Murdoch should look through back issues of the Times and read descriptions by its distinguished China specialist, the late David Bonavia, of what the Chinese occupiers have done in Tibet. They have attempted to strangle Buddhism, the basis of every aspect of life, smashed up many of the greatest cultural artefacts, imprisoned and secularised thousands of monks and nuns and caused a region-wide famine by changing from the staple barley to other grains which grow poorly at high altitudes. A few years ago, the Murdoch-owned Times carried articles about monks and nuns still being imprisoned and tortured in Lhasa’s Drapchi prison and about the recent Chinese kidnapping of the child Panchen Lama and his family, who have never been seen again. Such information rarely appears these days in the Times.
Some say this kind of thing is the work of the new Mrs Murdoch. I’m afraid not. Murdoch wants to make money in China and to that end he sold Hong Kong’s highly profitable South China Morning Post and took the BBC off his Hong Kong television channel; he admitted he did both these things because he wanted to do business in China. As a reward, last year President Jiang Zemin, in the words of the official Chinese news agency, “expressed appreciation of the efforts made by world media mogul Rupert Murdoch in presenting China objectively and co-operating with the Chinese press over the last two years”.

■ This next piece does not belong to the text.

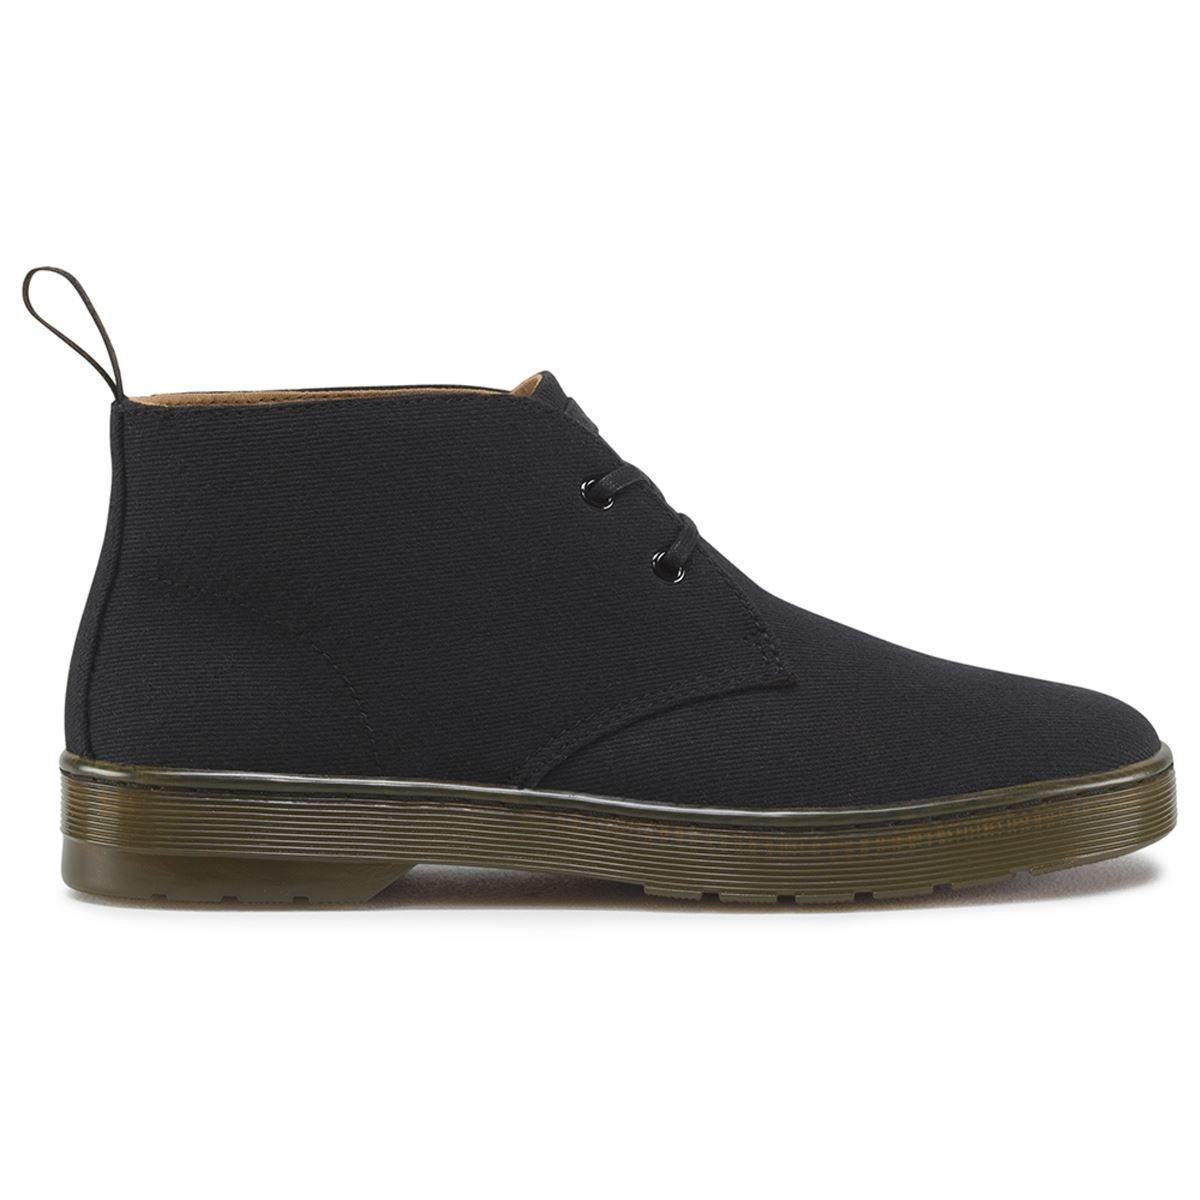 Dr. Martens Men's Mayport Chukka Boot, Black, 8 UK/9 D US

Murdoch has invested millions in the state-controlled Chinese media and performed many a grovel, including telling the Chinese leader that he agrees 100 per cent with everything he does. Foolishness. It’s like being blackmailed for no return. Few investors make anything in China, but the Chinese demand constant fealty. Sooner or later there will be another Tiananmen in China, or a series of them. Murdoch’s media in China will not tell the truth about them. This is the Chinese version of “objectivity”, about as objective as Murdoch’s description of the Dalai Lama and pre-Chinese Tibet.